:: ACTIVITY ::
When you reach the line containing "Nutzer für den", start transcribing exactly and continue through the last line of the data, skipping every picture.
Start of GIVEN INFORMATION
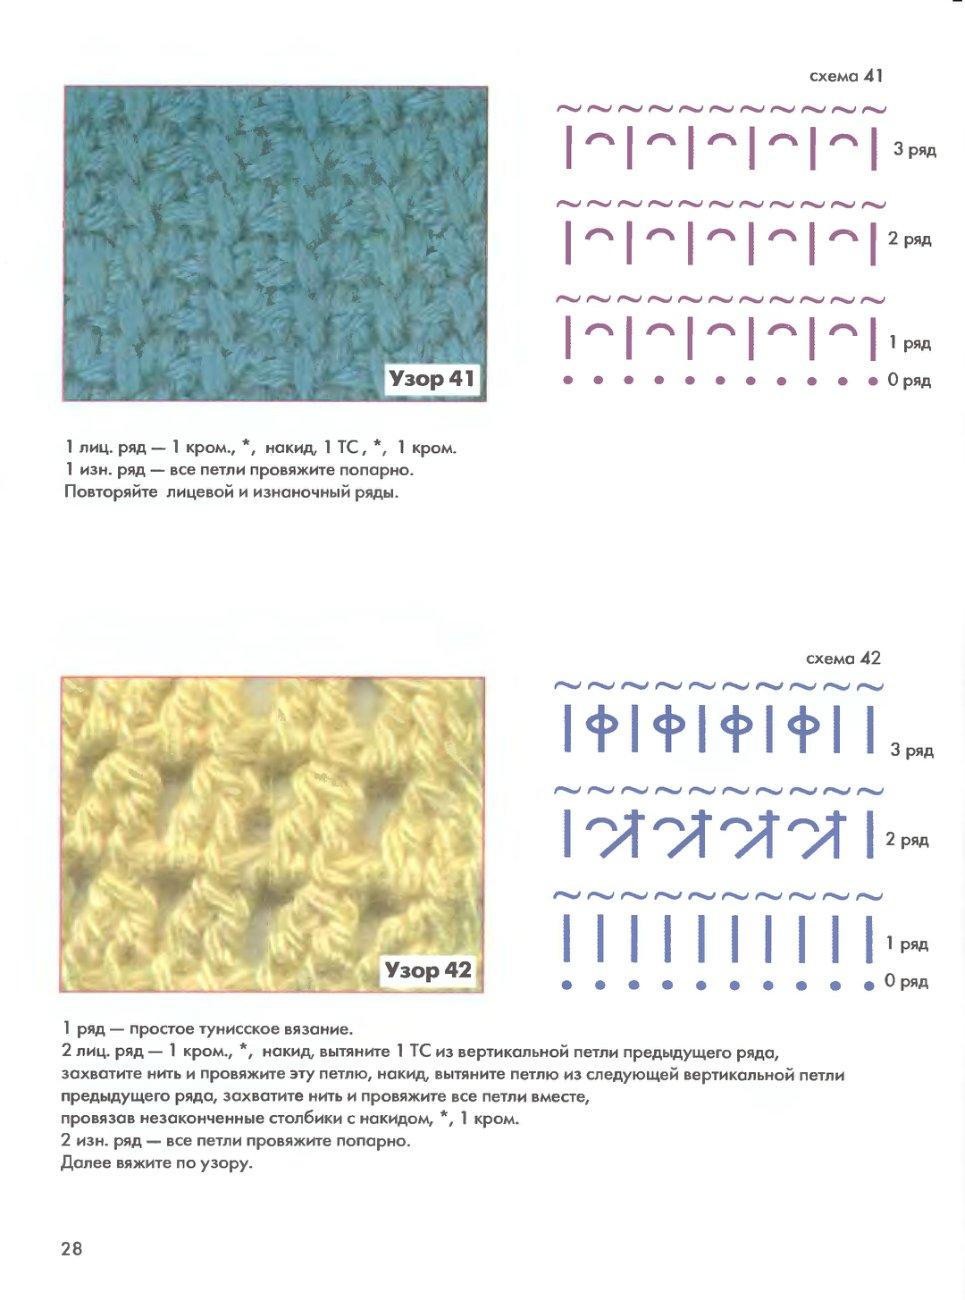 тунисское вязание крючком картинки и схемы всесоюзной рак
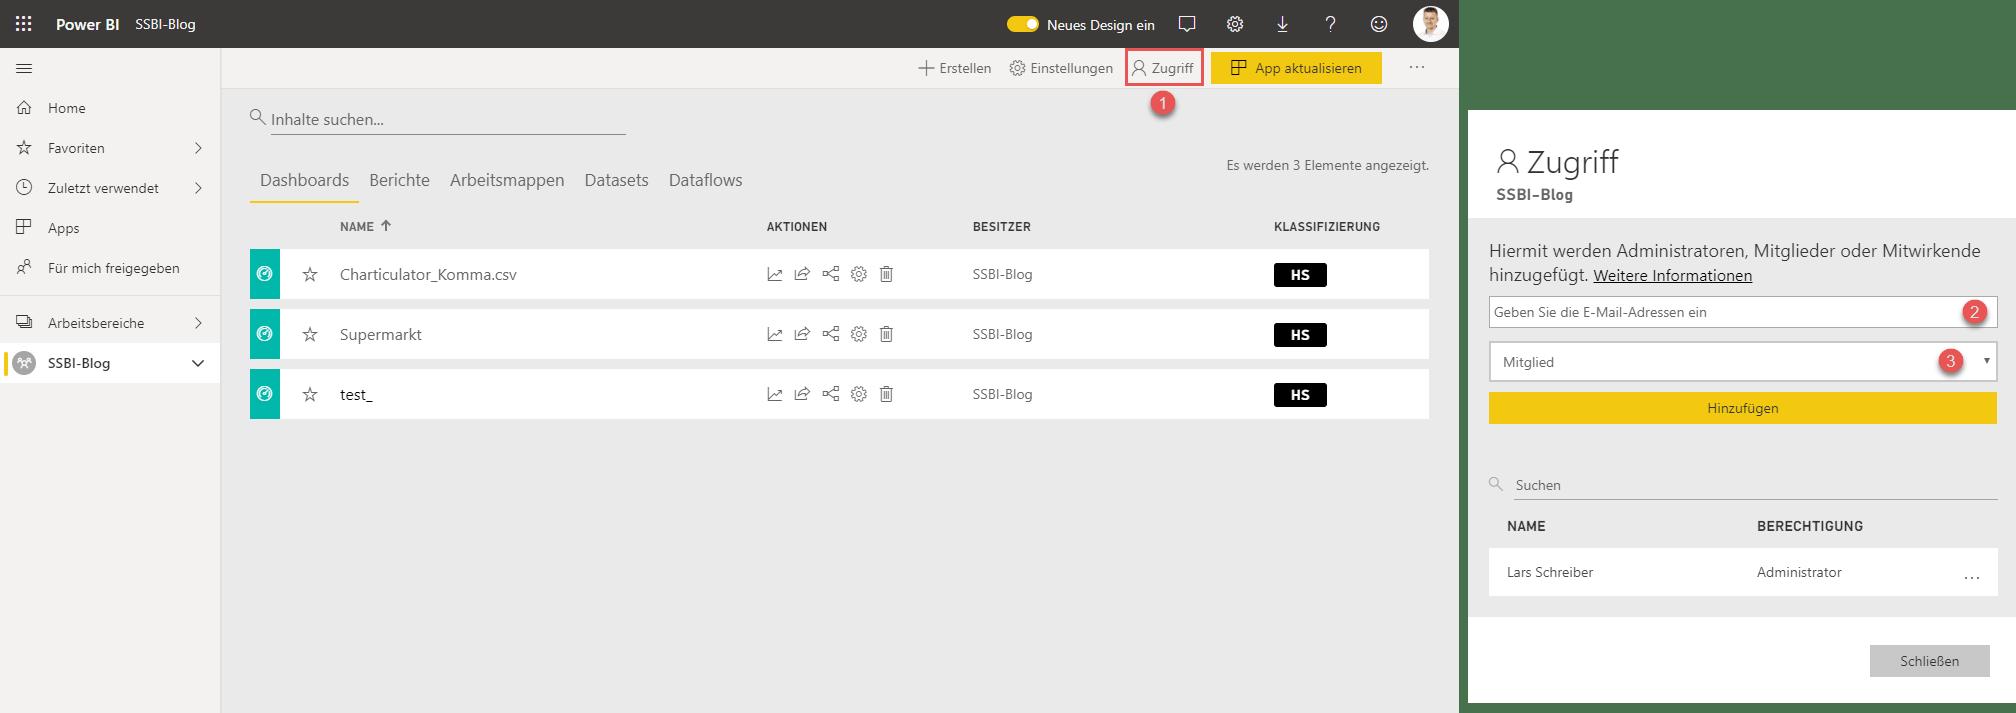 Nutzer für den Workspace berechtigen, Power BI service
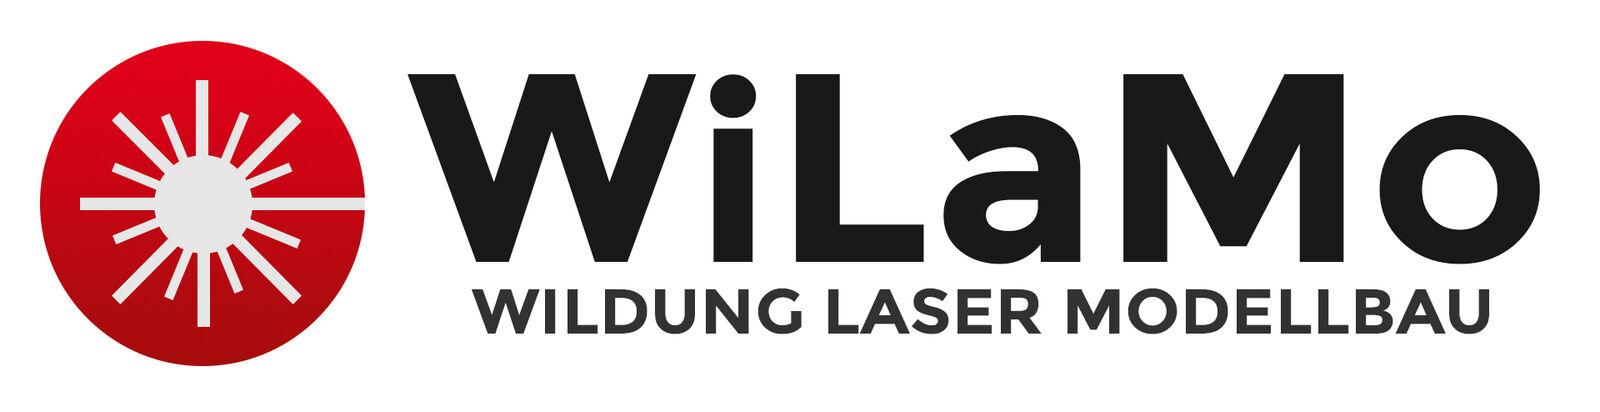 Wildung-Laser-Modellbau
End of GIVEN INFORMATION
:: REPLY TO THE EXERCISE ::
 Nutzer für den Workspace berechtigen, Power BI service
 Wildung-Laser-Modellbau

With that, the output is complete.